T6286: Implement null tokens (#257)

* make log4shell src_data optional

* fix coerce_to_float error handling

* stop reporting drop not found

* fix fortune response for web

* add legacy token support

* add unit test coverage exclusions

* overwrite legacy type in SMTP tokens

canarytokens/channel_dns.py

@@ -204,6 +204,7 @@ def query(self, query: Query, src_ip: str):  # noqa C901
         log.info(f"handling query:  {query.name}")
         try:
             canarydrop, src_data = handle_query_name(query_name=query.name)
+            # import rpdb; rpdb.Rpdb().set_trace()
         except NoCanarytokenFound:
             log.info(f"Query: {query.name} does not match a token.")
             return defer.succeed(self._do_dynamic_response(name=query.name.name))
@@ -231,7 +232,7 @@ def query(self, query: Query, src_ip: str):  # noqa C901
 
         self.dispatch(canarydrop=canarydrop, token_hit=token_hit)
 
-        if IS_NX_DOMAIN:
+        if IS_NX_DOMAIN:  # pragma: no cover
             if canarydrop.type not in [TokenTypes.ADOBE_PDF, TokenTypes.SIGNED_EXE]:
                 log.info(
                     "Token {token} hit the NX domain and is not a pdf. TokenType: {token_type}",
@@ -241,11 +242,11 @@ def query(self, query: Query, src_ip: str):  # noqa C901
             return defer.fail(error.DomainError())
         return defer.succeed(self._do_dynamic_response(name=query.name.name))
 
-    def lookupCAA(self, name, timeout):
+    def lookupCAA(self, name, timeout):  # pragma: no cover
         """Respond with NXdomain to a -t CAA lookup."""
         return defer.fail(error.DomainError())
 
-    def lookupAllRecords(self, name, timeout):
+    def lookupAllRecords(self, name, timeout):  # pragma: no cover
         """Respond with error to a -t ANY lookup."""
         return defer.fail(error.DomainError())
 
@@ -335,5 +336,5 @@ def lookupAllRecords(self, name, timeout):
 
     #     return additional_report
 
-    def _handleMySqlErr(self, result):
+    def _handleMySqlErr(self, result):  # pragma: no cover
         log.error(f"Error dispatching MySQL alert: {result}")

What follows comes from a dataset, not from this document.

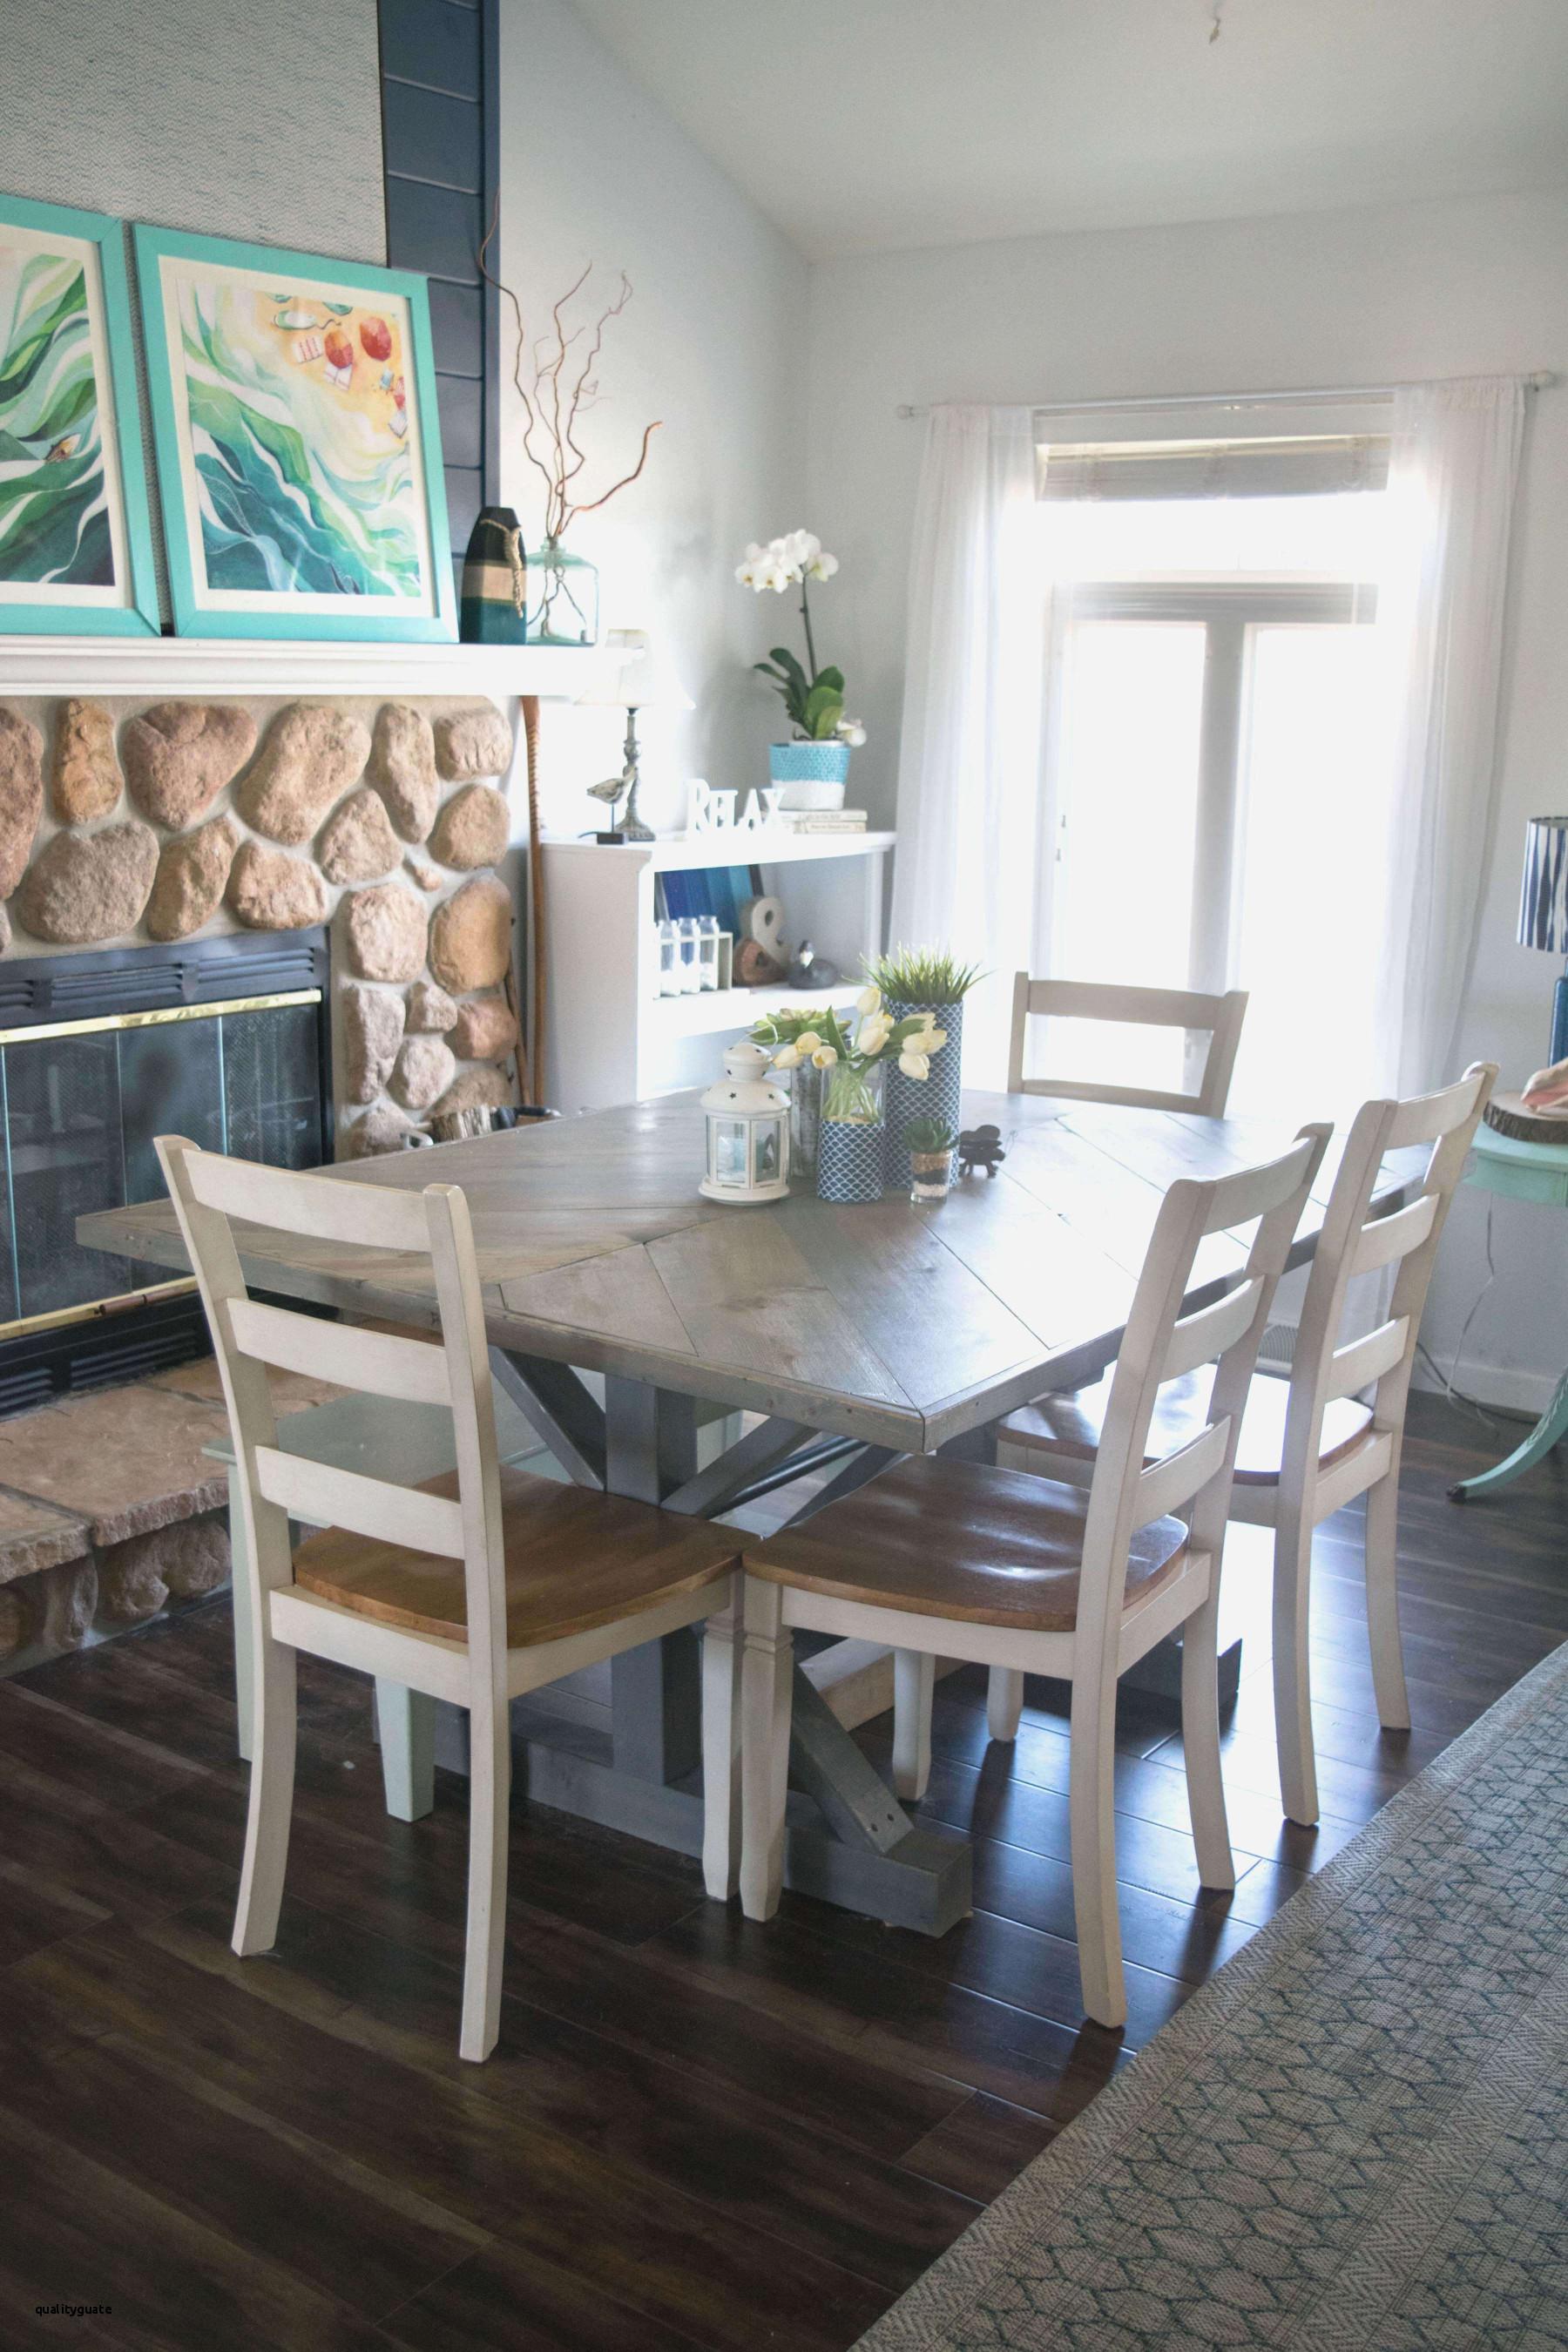 Buy Hardwood Flooring wholesale Of 36 Inspirational Shabby Chic Furniture Cheap Decoration Regarding Shabby Chic Bedroom Ideas Lovely Decor Chic Decor Chic Decor 0d Decors Design Ideas Shabby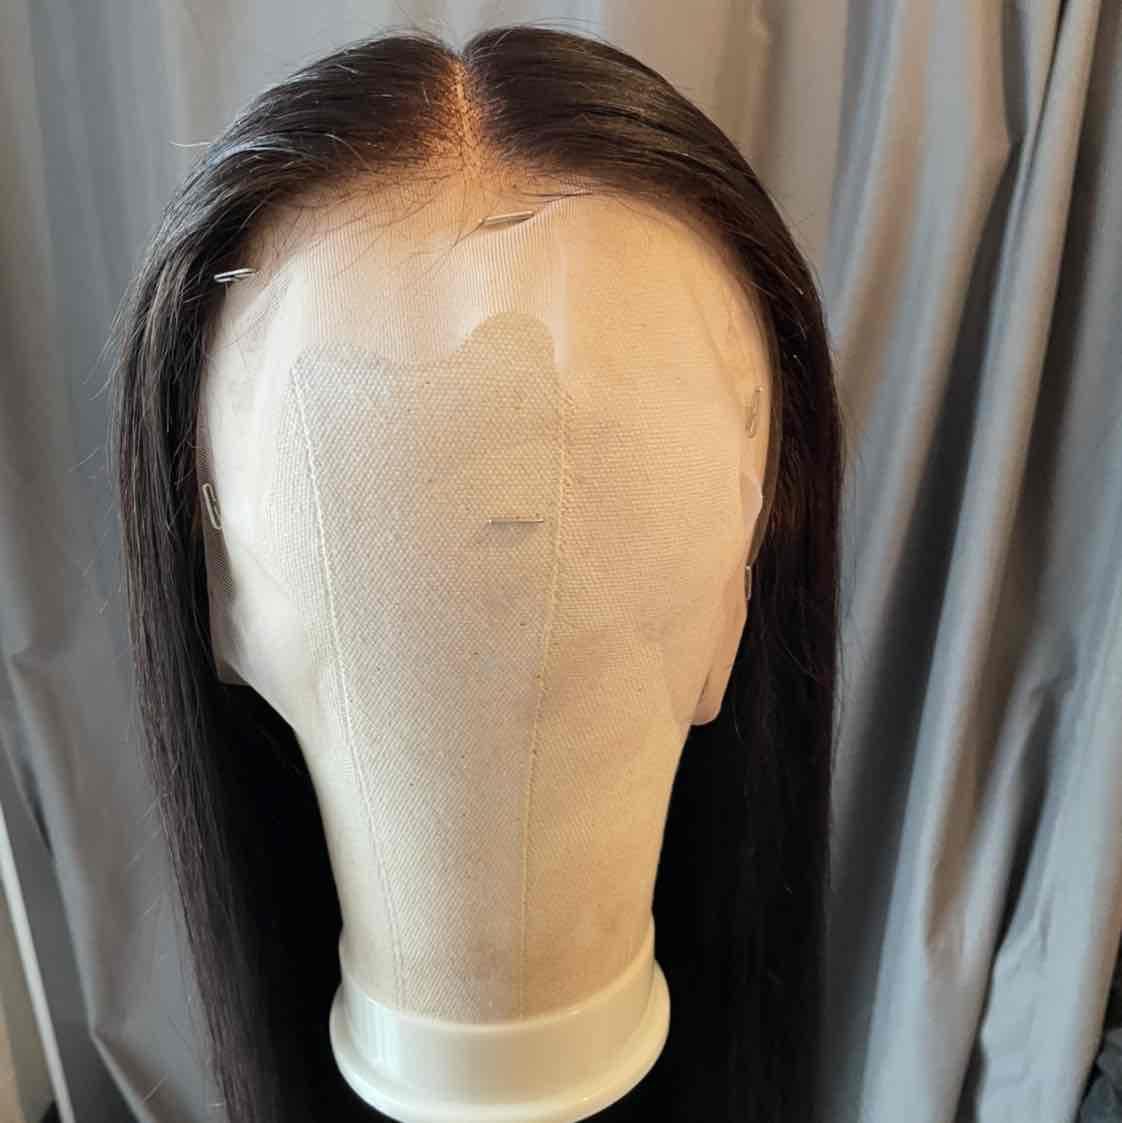 salon de coiffure afro tresse tresses box braids crochet braids vanilles tissages paris 75 77 78 91 92 93 94 95 QODJFWKK

canarytokens/channel_http.py

@@ -13,12 +13,12 @@
 from canarytokens import queries
 from canarytokens.channel import InputChannel
 from canarytokens.constants import INPUT_CHANNEL_HTTP
-from canarytokens.exceptions import NoCanarytokenFound
+from canarytokens.exceptions import NoCanarytokenFound, NoCanarytokenPresent
 from canarytokens.models import AnyTokenHit, TokenTypes
 from canarytokens.queries import get_canarydrop
 from canarytokens.settings import FrontendSettings, SwitchboardSettings
 from canarytokens.switchboard import Switchboard
-from canarytokens.tokens import Canarytoken
+from canarytokens.tokens import Canarytoken, GIF
 from canarytokens.utils import coerce_to_float
 
 log = Logger()
@@ -87,8 +87,15 @@ def render_GET(self, request: Request):
             log.info(
                 f"HTTP GET on path {request.path} did not correspond to a token. Error: {e}"
             )
-            return
-        canarydrop = get_canarydrop(canarytoken)
+            request.setHeader("Content-Type", "image/gif")
+            return GIF
+
+        try:
+            canarydrop = get_canarydrop(canarytoken)
+        except NoCanarytokenPresent as e:
+            log.info(f"Error: {e}")
+            request.setHeader("Content-Type", "image/gif")
+            return GIF
 
         handler = getattr(Canarytoken, f"_get_info_for_{canarydrop.type}")
         http_general_info, src_data = handler(request)
@@ -129,7 +136,12 @@ def render_POST(self, request: Request):
         except NoCanarytokenFound as e:
             log.error(f"Failed to get token from {request.path=}. Error: {e}")
             return b"failed"
-        canarydrop = get_canarydrop(canarytoken=token)
+
+        try:
+            canarydrop = get_canarydrop(token)
+        except NoCanarytokenPresent as e:
+            log.info(f"Canarydrop not found for token {token.value()}. Error: {e}")
+            return b"failed"
         # if key and token args are present, we are either:
         #    -posting browser info
         #    -getting an aws trigger (key == aws_s3)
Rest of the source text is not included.